# What is expected:
Please reproduce exactly, and only, the lines from the one with "Custom icons for apps" through the last line of the listing below, both ends included, leaving out the pictures.

# Supplied material:
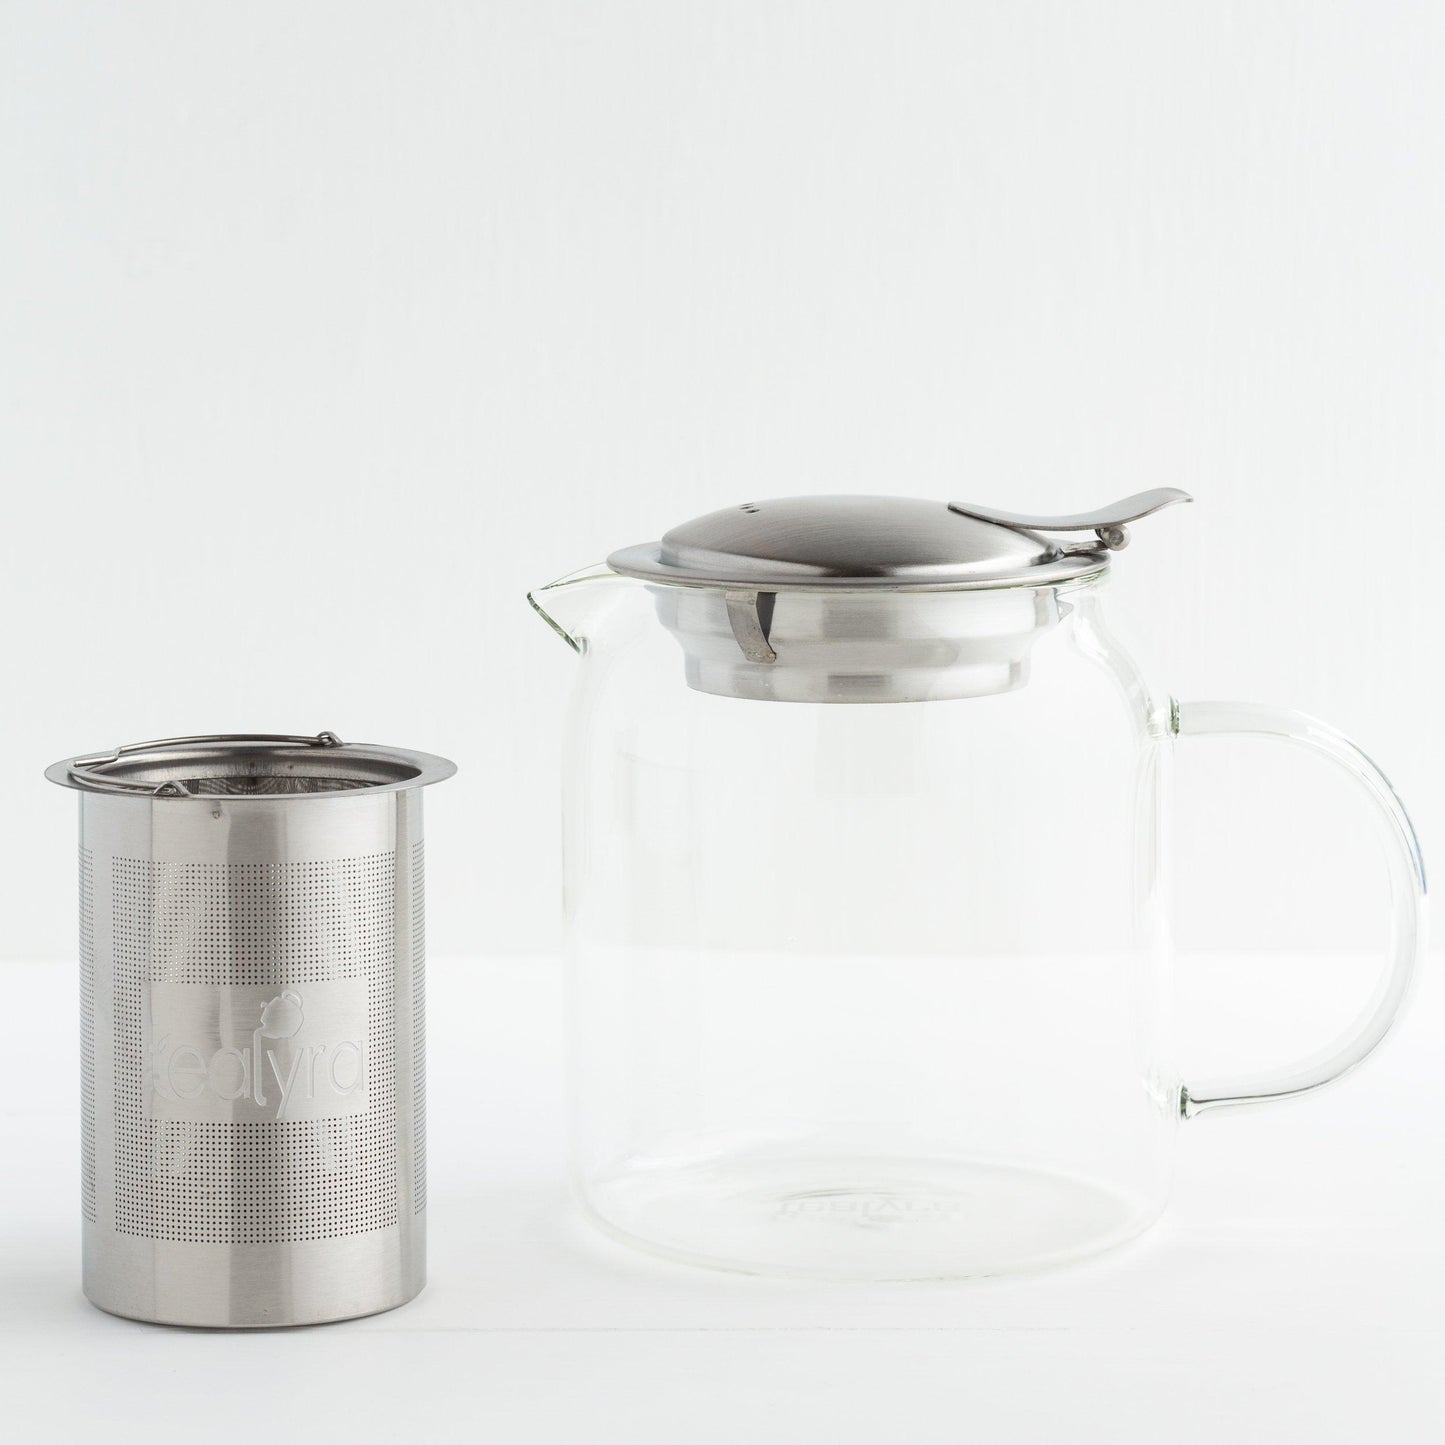 Glass Teapot with Stainless Steel Infuser shown with the infuser outside of the teapot
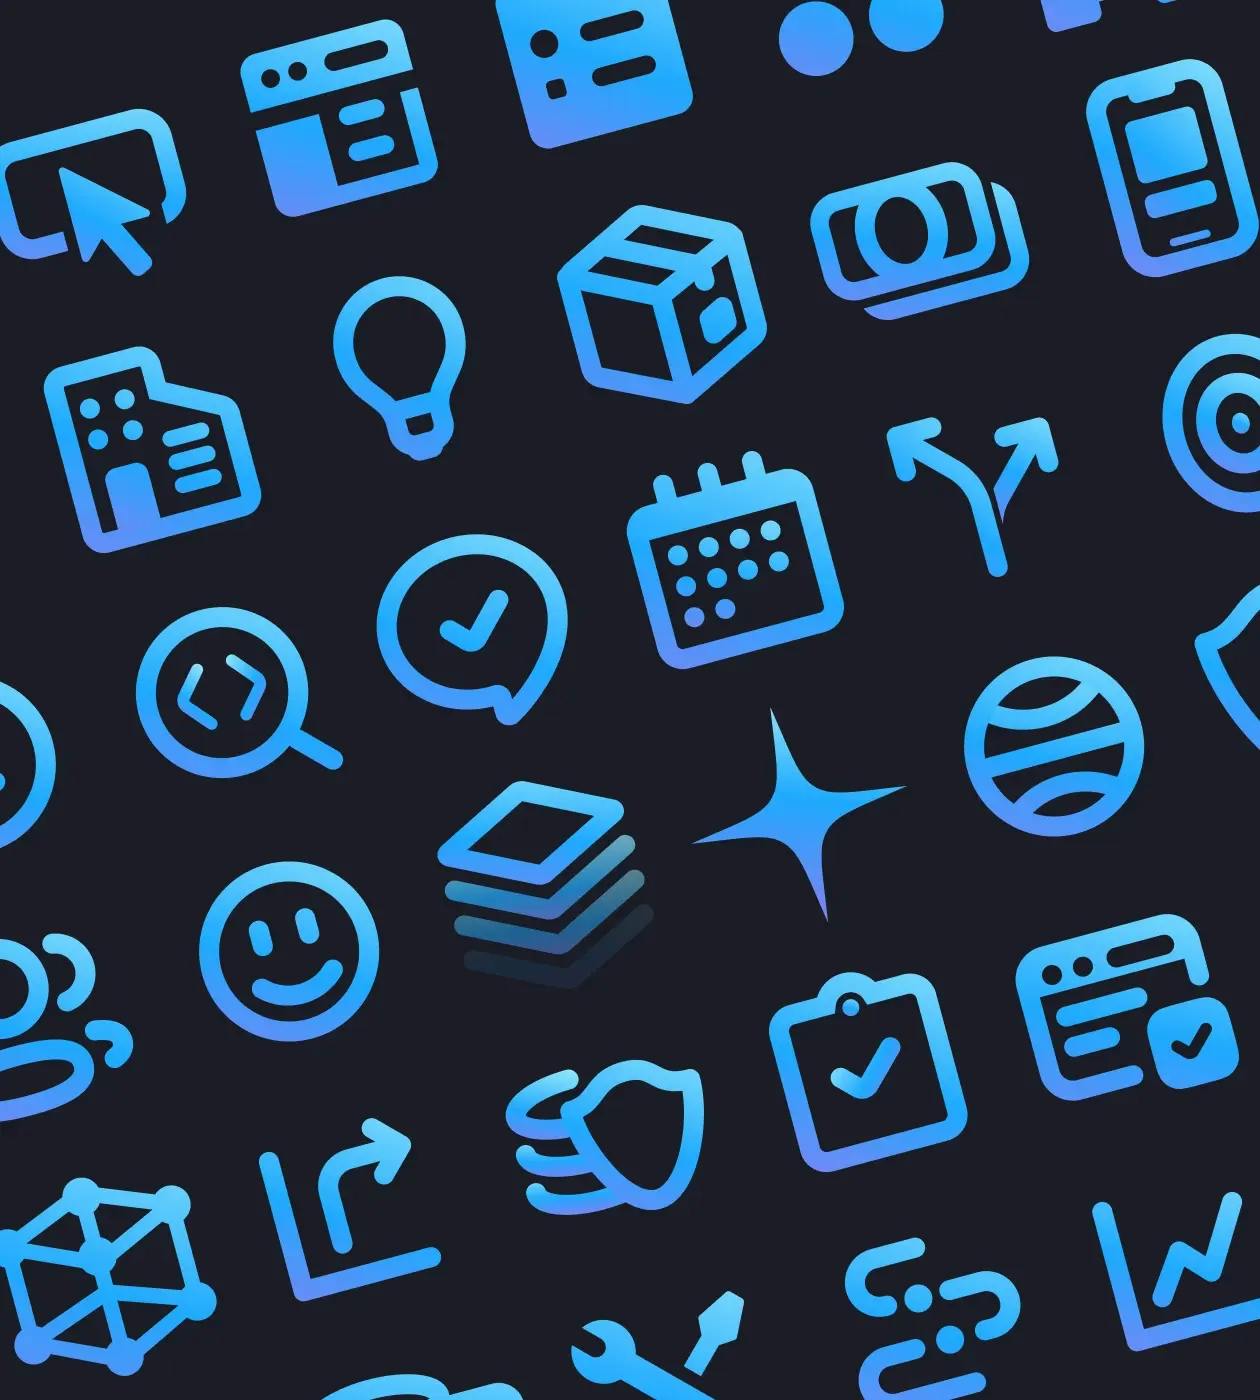 Custom icons for apps
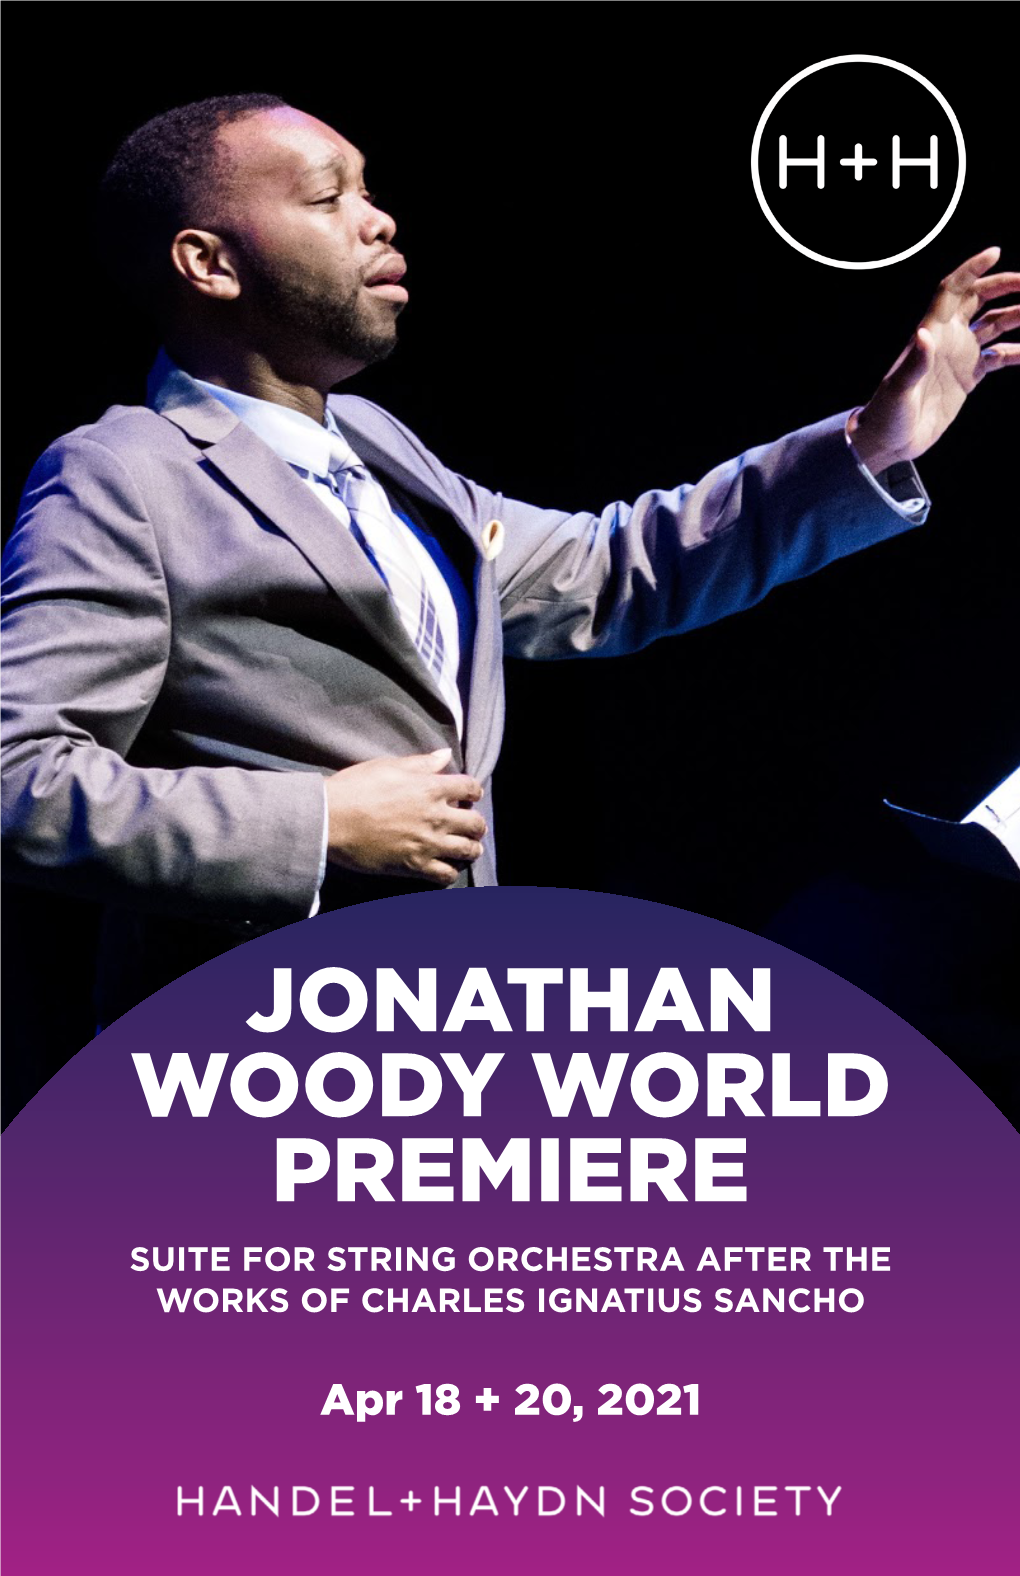 Jonathan Woody World Premiere Suite for String Orchestra After the Works of Charles Ignatius Sancho
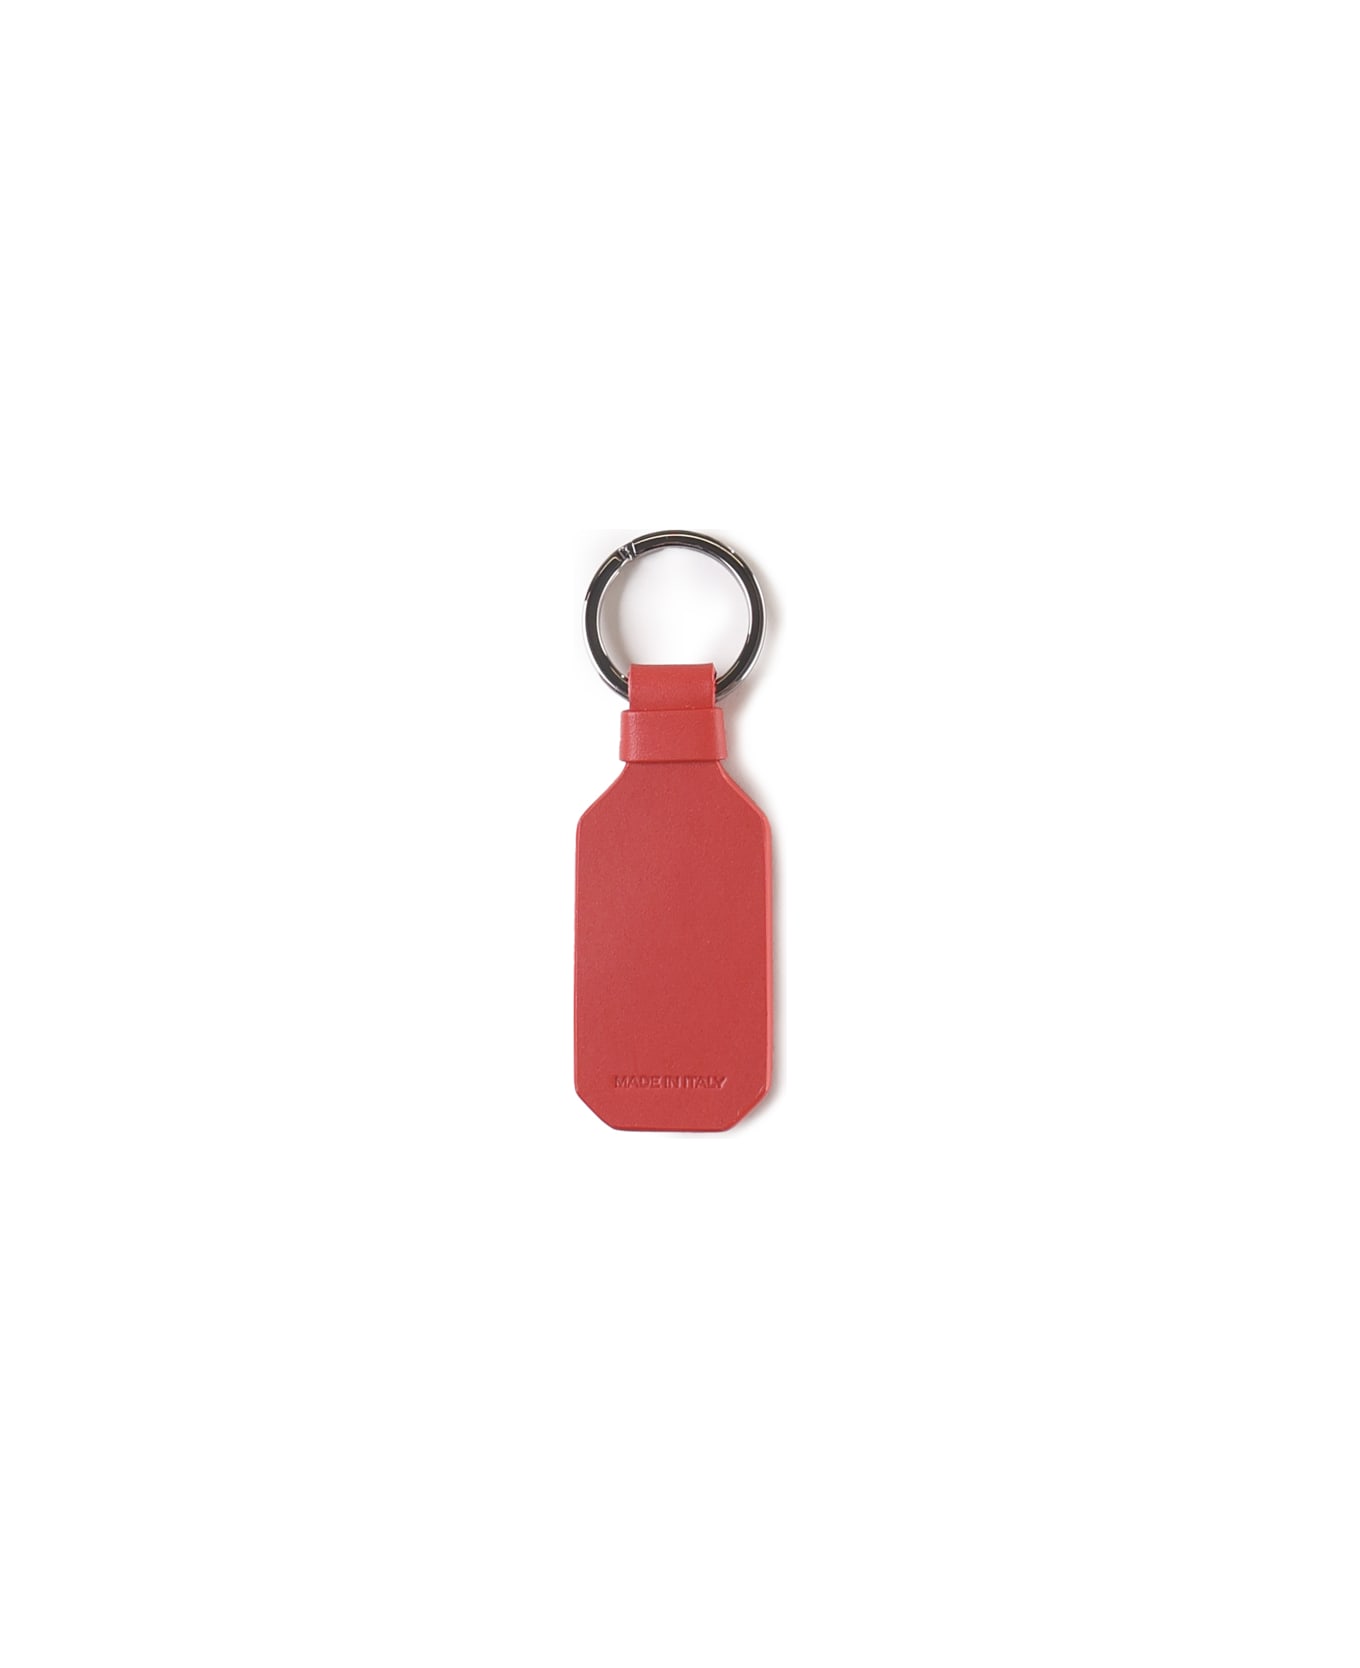 Ferrari Leather Key Ring With Metal Prancing Horse - Red

# Output:
 Custom icons for apps
 Jonathan Woody World Premiere Suite for String Orchestra After the Works of Charles Ignatius Sancho
 Ferrari Leather Key Ring With Metal Prancing Horse - Red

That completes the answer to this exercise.